3. Compressor Short-Cycle Control: The control system shall include a program to prevent compressor short-cycling.
4. System Auto-Restart: For start-up after power failure, the system shall provide automatic restart with a programmable (up to 9.9 minutes in 6-second increments) time delay. Programming can be performed either at the unit or from the central site monitoring system.
5. Sequential Load Activation: During start-up, or after power failure, the microprocessor shall sequence operational load activation to minimize inrush current. Systems allowing multiple loads to start simultaneously are unacceptable.
6. Front Monitor Display Panel: The microprocessor shall provide a front monitor LCD backlit display panel with 4 rows of 20 characters with adjustable contrast. This display (along with five front mounted control keys) shall be the only operator interface required to obtain all available system information such as room conditions, operational status, alarms, control and alarm setpoints, and all user selections including alarm delays, sensor calibration, DIP switch selections, and diagnostics. All indicators shall be in language form. No symbols or codes shall be acceptable.
7. Alarms: The microprocessor shall activate an audible and visual alarm in event of any of the following conditions:
a. High temperature
b. Low temperature
c. High Humidity
d. Low Humidity
e. Short Cycle
f. Compressor Overload
g. Main Fan Overload
h. High Head Pressure
i. Change Filter
j. Loss of Air Flow
k. Low Suction Pressure
l. Loss of Power
m. Custom Alarm (#1 to #4)
n. Custom alarms are four customer accessible alarm inputs to be indicated on the front panel. Custom alarms can be identified with prepared (programmed) alarm labels for the following frequently used inputs:
1) Water Under Floor
2) Smoke Detected
3) Standby GC Pump On
4) Loss of Water Flow
5) Standby Unit On
o. User customized text can be entered for two of the four custom alarms. Each alarm (unit and custom) can be separately enabled or disabled, selected to activate the common alarm, and programmed for a time delay of 0 to 255 seconds.
8. Audible Alarm: The audible alarm shall annunciate any alarm that is enabled by the operator.
9. Common Alarm: A programmable common alarm shall be provided to interface user selected alarms with a remote.
10. Remote Monitoring: All alarms shall be communicated to the Liebert monitoring system with the following information: date and time of occurrence, unit number, and present temperature and humidity.
Note: Alarms may be transmitted off site via BMS or security system. Provide interface, coordinate and wire for proper operation.

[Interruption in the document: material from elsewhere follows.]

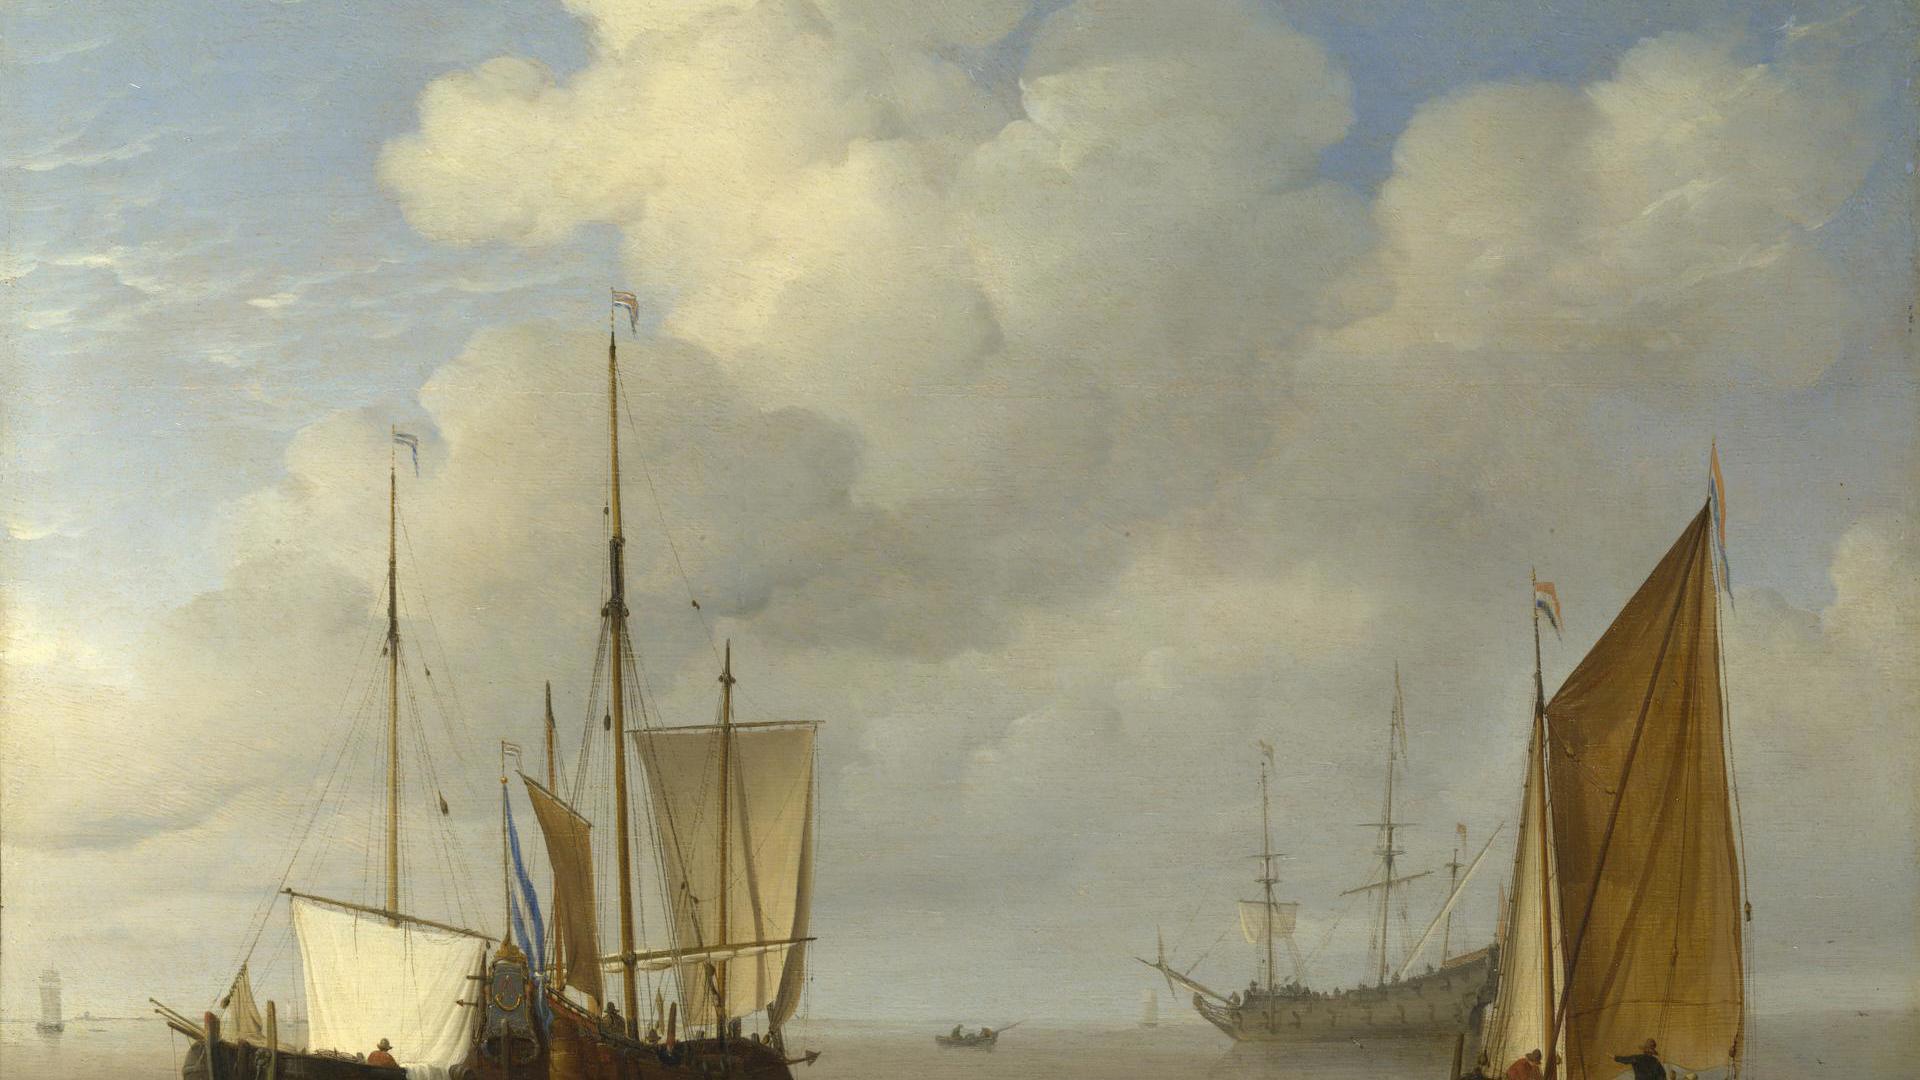 Dutch Ships in a Calm by Willem van de Velde

11. Analog Inputs: The system shall include four customer accessible analog inputs for sensors provided by others. The analog inputs shall accept a 4 to 29 mA signal. The user shall be able to change the input to 0 to 5 VDC or 0 to 10 VDC if desired. The gains for each analog input shall be programmable from the front panel. The analog inputs shall be able to be monitored from the front panel.
12. Diagnostics: The control system and electronic circuitry shall be provided with self-diagnostics to air in troubleshooting. The microcontroller board shall be diagnosed and reported as pass/not pass. Control inputs shall be indicated as on or off from the front monitor panel without using jumpers or a service terminal. Each control output shall be indicated by an LED on a circuit board.

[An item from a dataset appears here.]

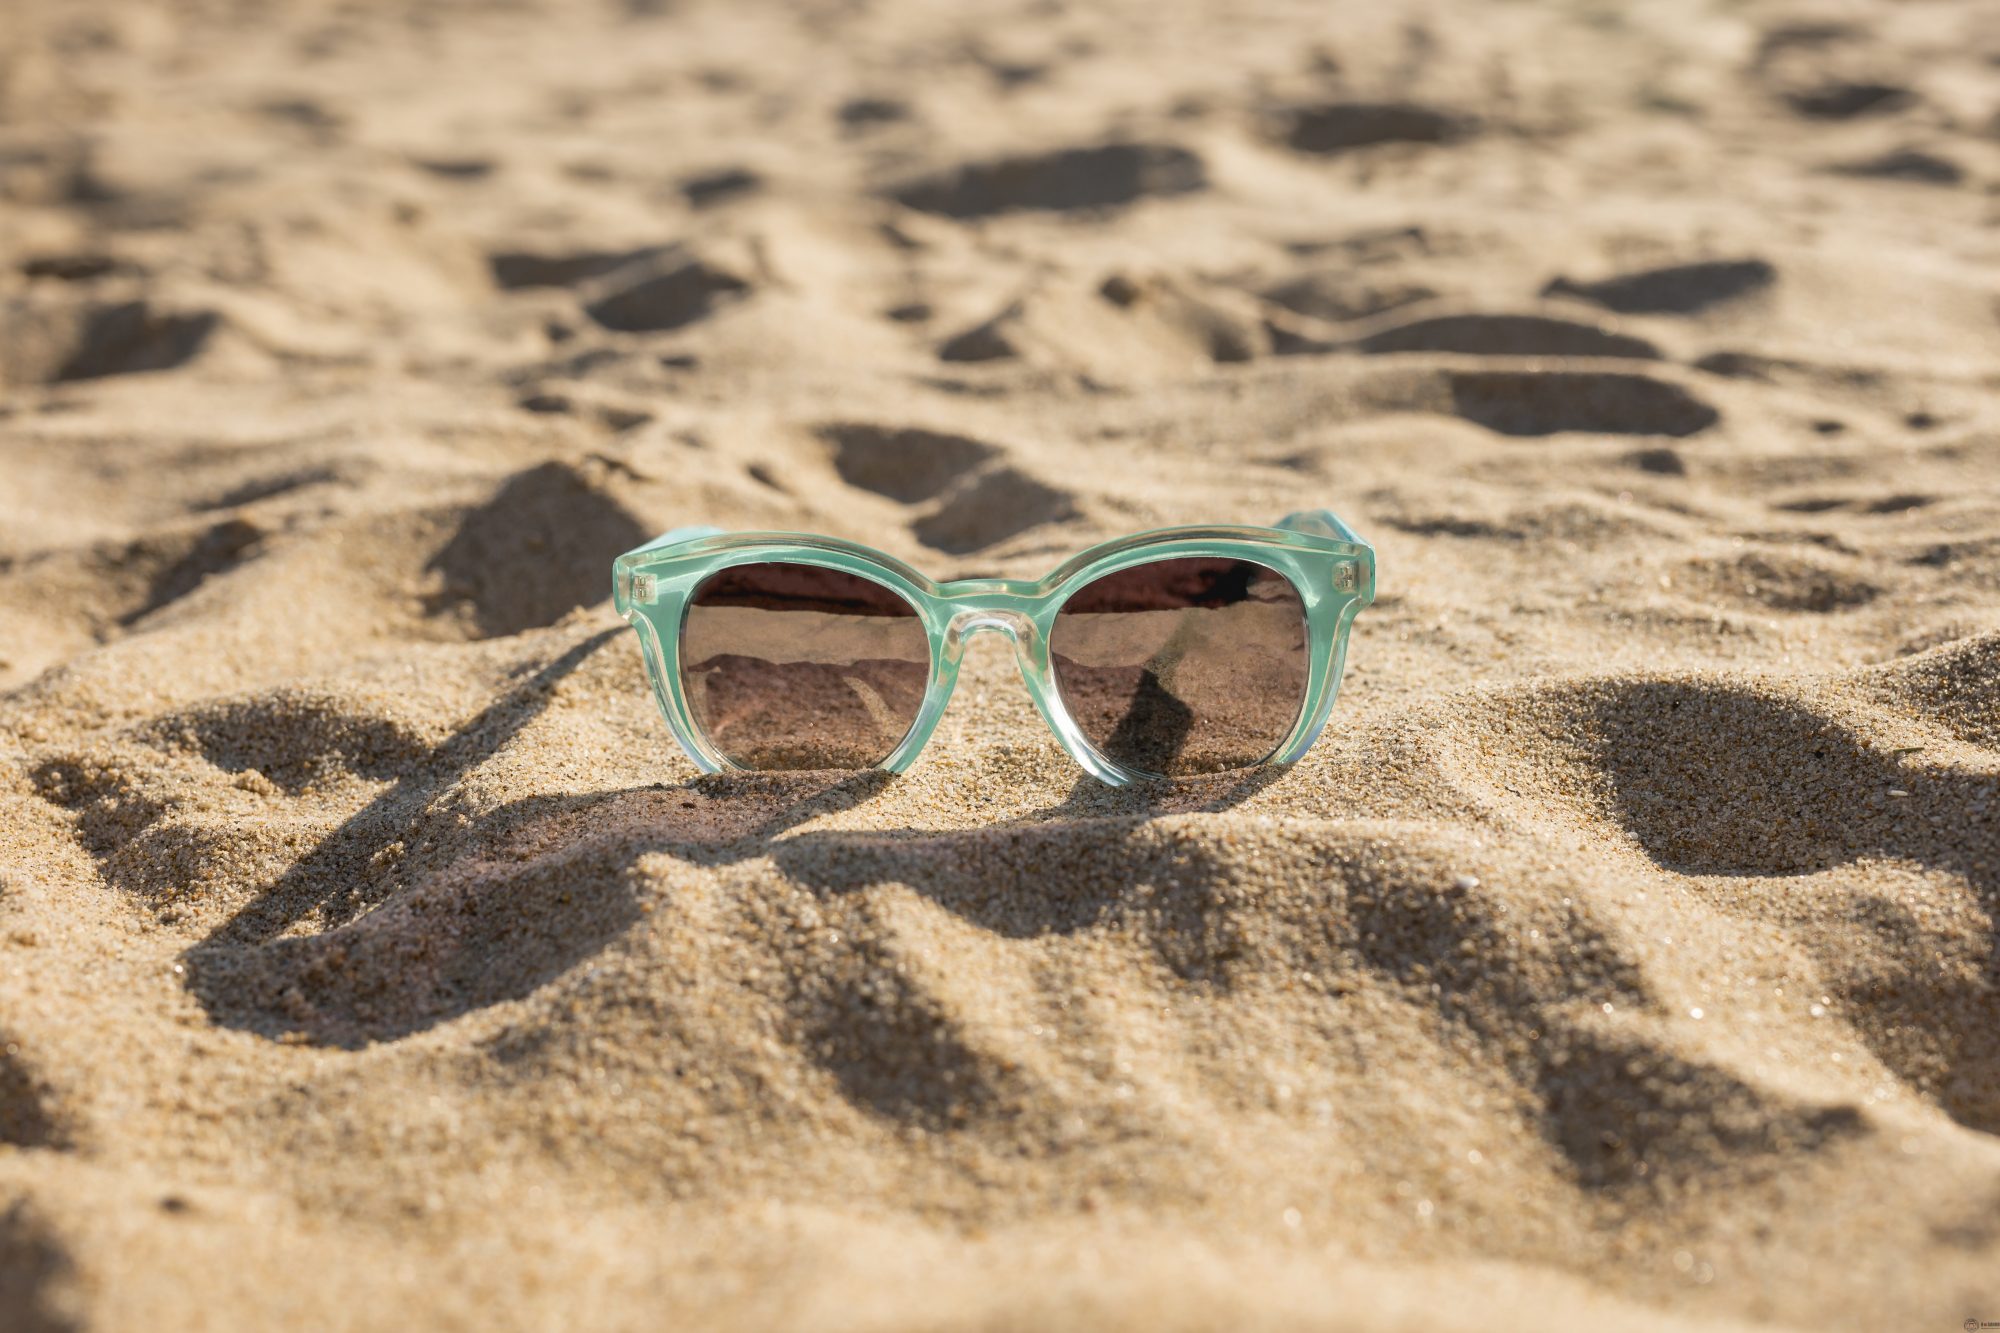 Пляж песок очки

13. Date Collection: The control system shall maintain accumulative operating hours of compressor, fan motor, and Econ-O-Coil. The ten most recent alarms shall also be retained.
14. Communication: A network interface card shall be included capable of communication with the installed building management system (BMS).
H. Floor Stand: The floor stand shall be constructed of a heliarc-welded tubular steel frame. The floor stand shall be coated using an autodeposition process to protect against corrosion. The floor stand shall have adjustable legs with vibration isolation pads. The floor stand shall be: 9 inches high.
I. Disconnect Switch, Locking Type: The manual disconnect switch shall be mounted in the high voltage section of the electrical panel. The switch shall be accessible from the outside of the unit with the door closed, and prevent access to the high voltage electrical components unit switched to the “OFF” position.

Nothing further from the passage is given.